**Data below**
=====

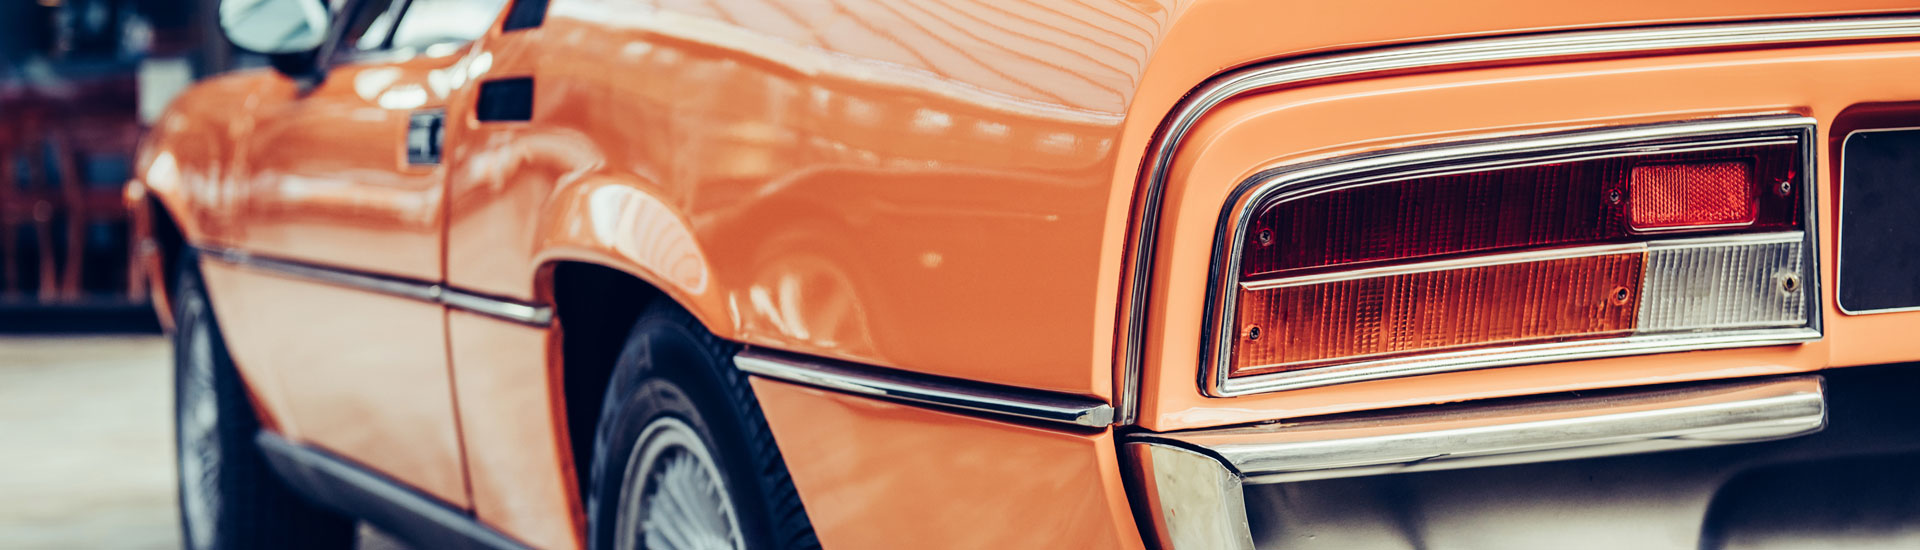 Rear Side View of a Orange Car
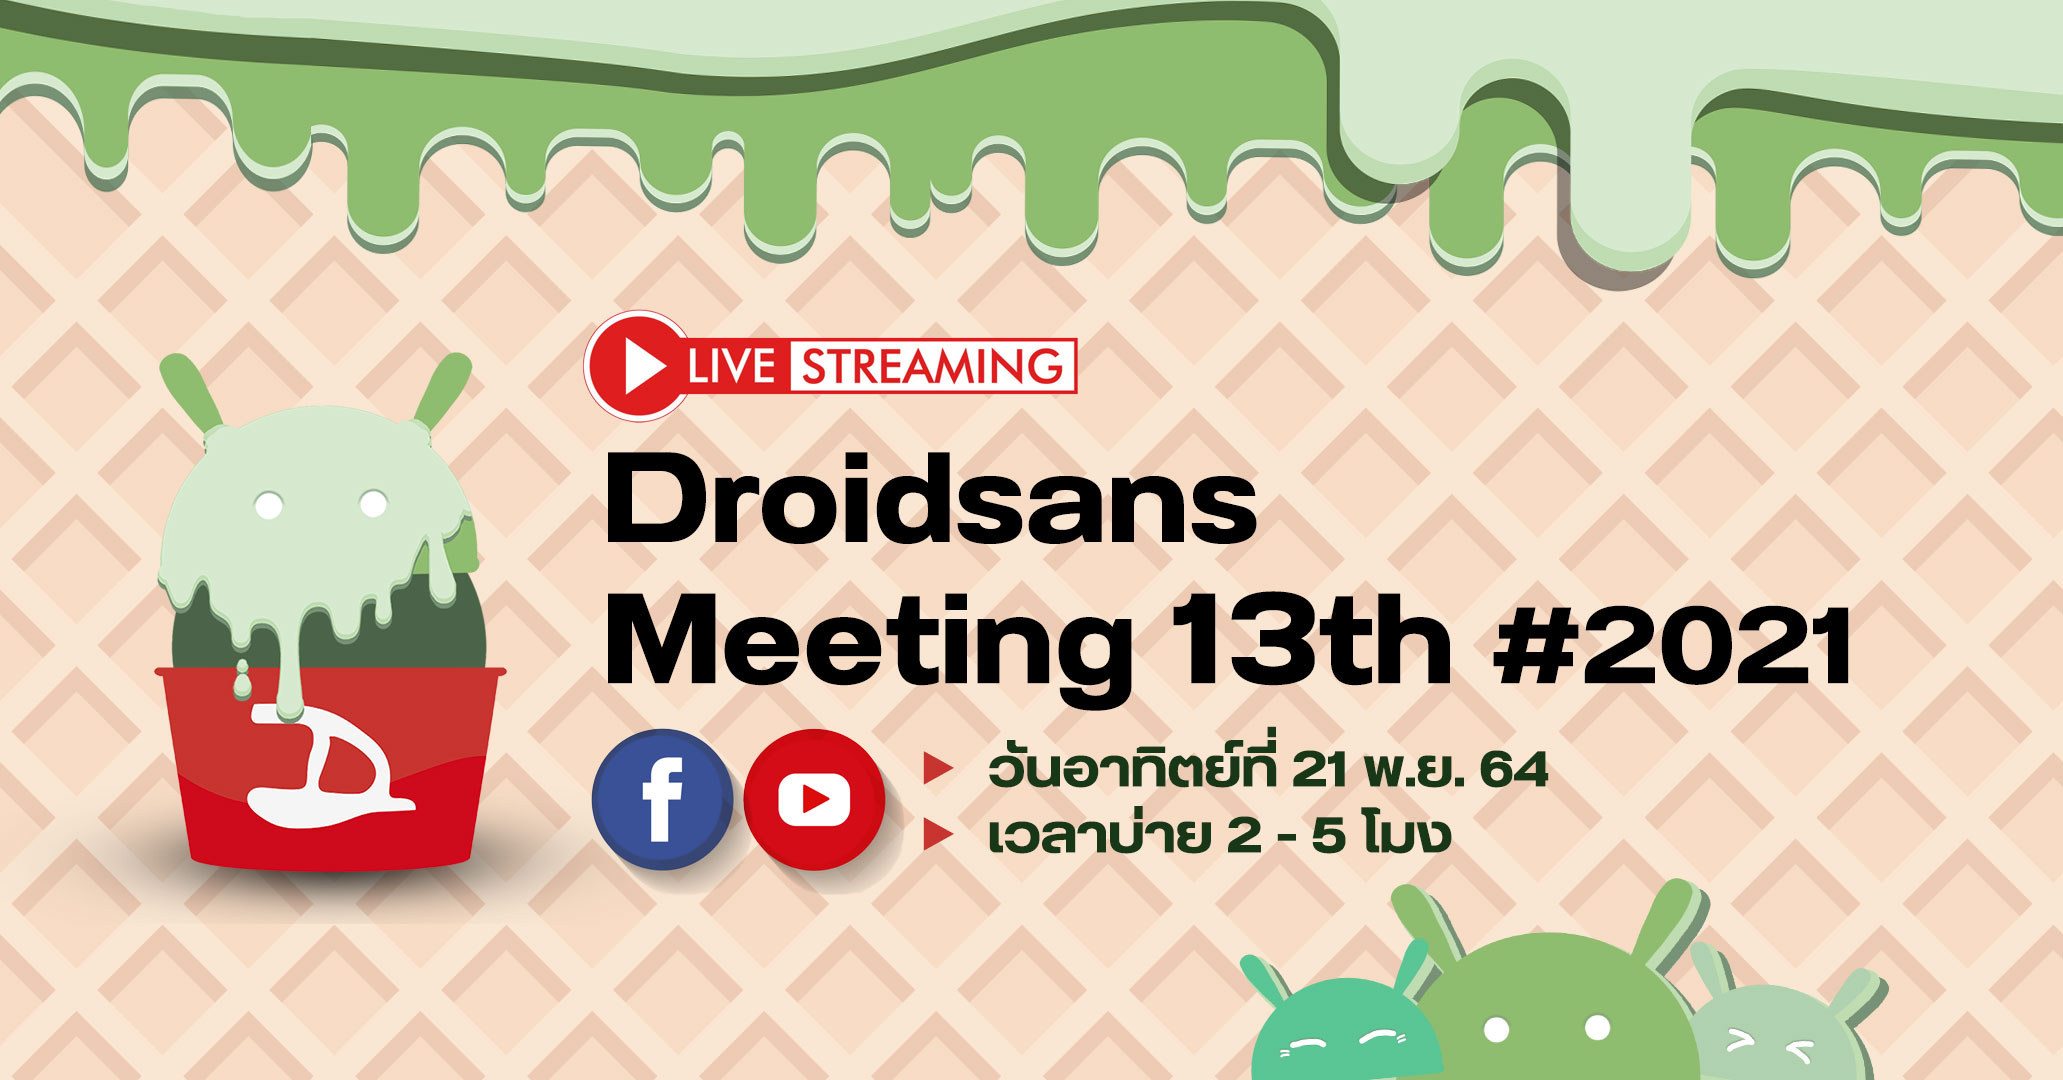 Droidsans Meeting 2021 ปุบปับเพราะคิดถึง อยากจัด มาจอยกันนะ
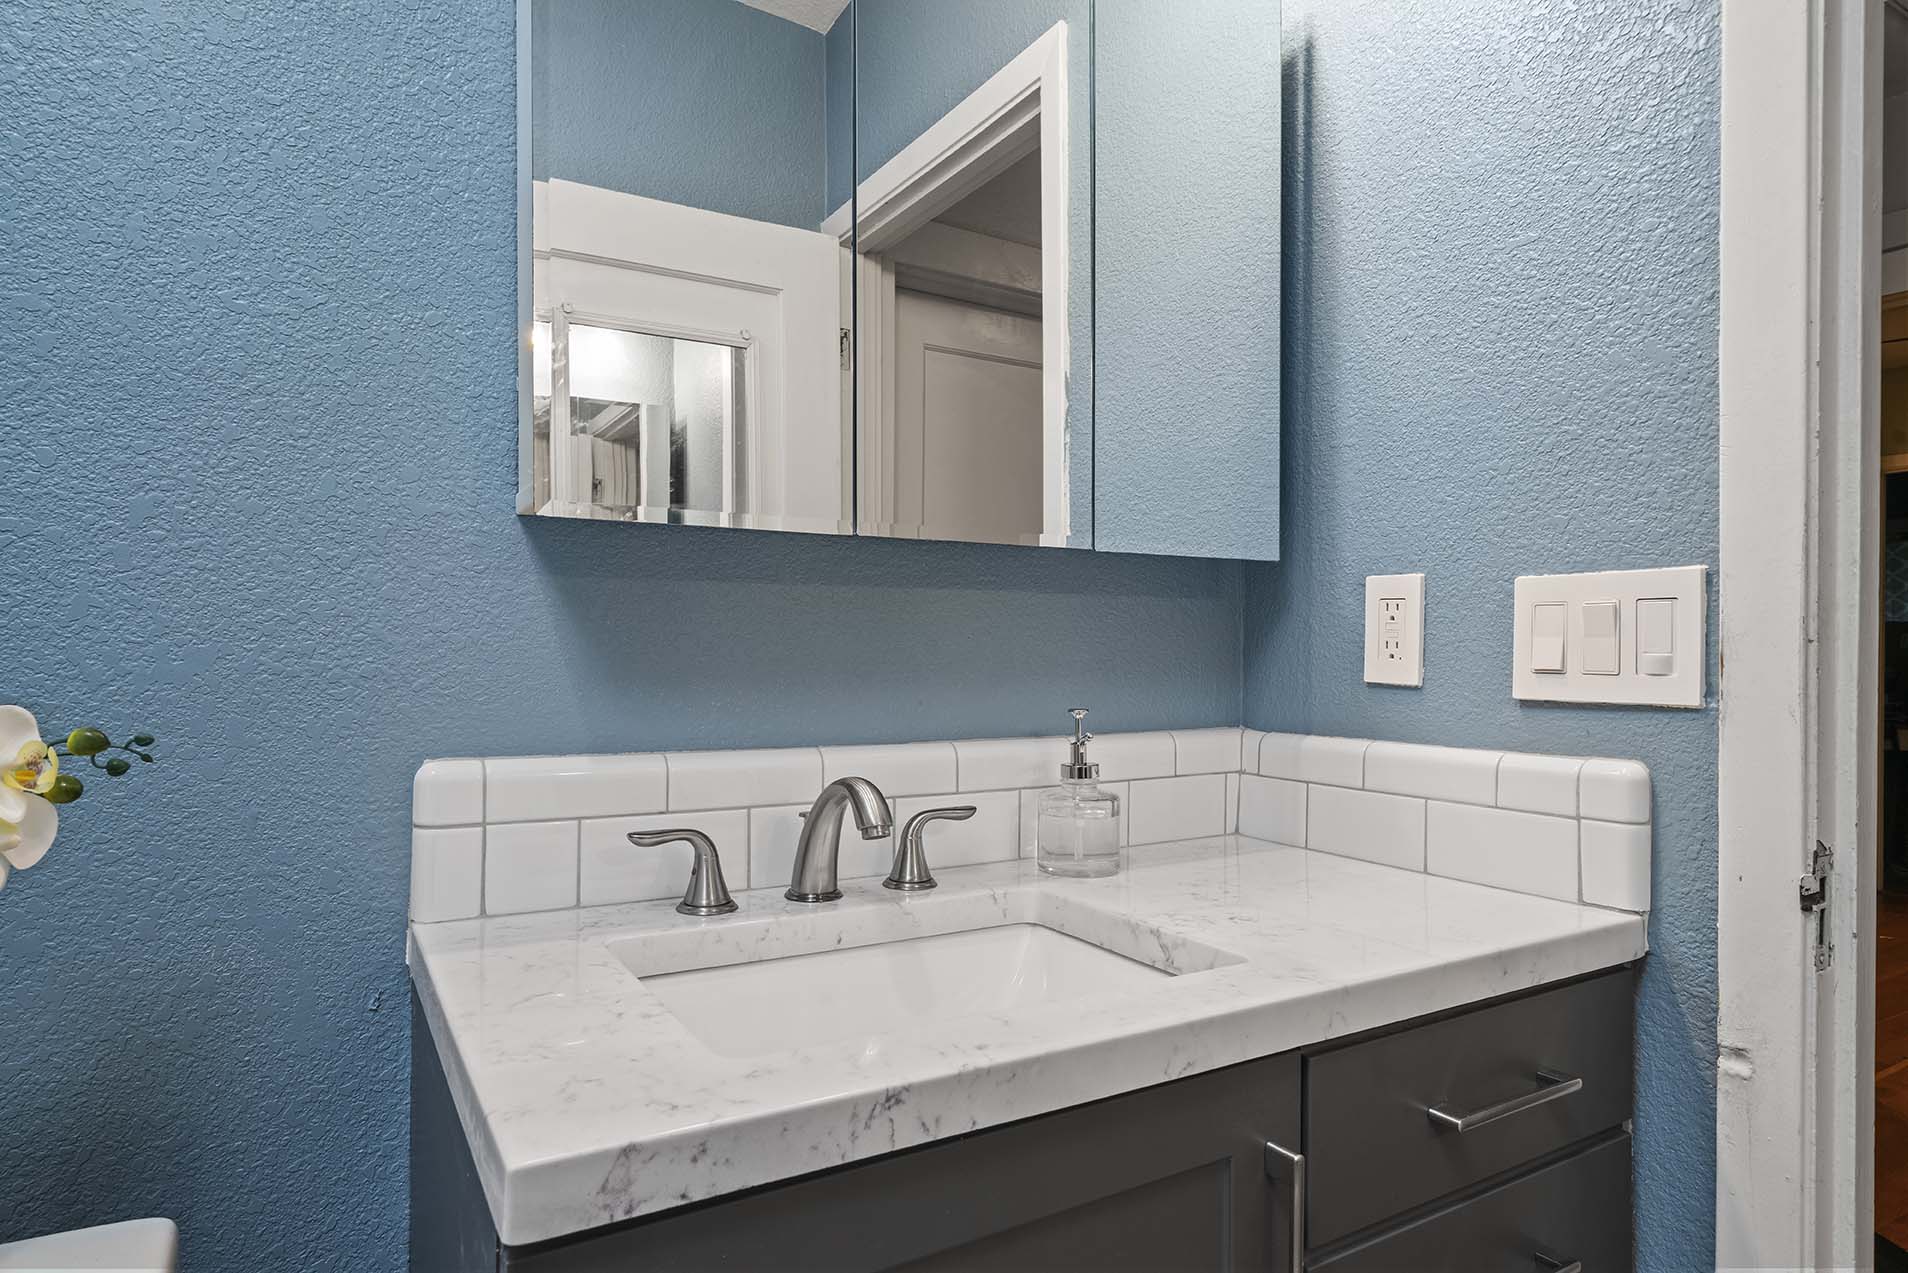 Stupendous Photos Of Bathroom Sink Crossword Clue Concept Kaelexa

=====

**What you are asked to do**
Restate the material above word for word, omitting the pictures.

**Solution to this task**
 Rear Side View of a Orange Car
 Droidsans Meeting 2021 ปุบปับเพราะคิดถึง อยากจัด มาจอยกันนะ
 Stupendous Photos Of Bathroom Sink Crossword Clue Concept Kaelexa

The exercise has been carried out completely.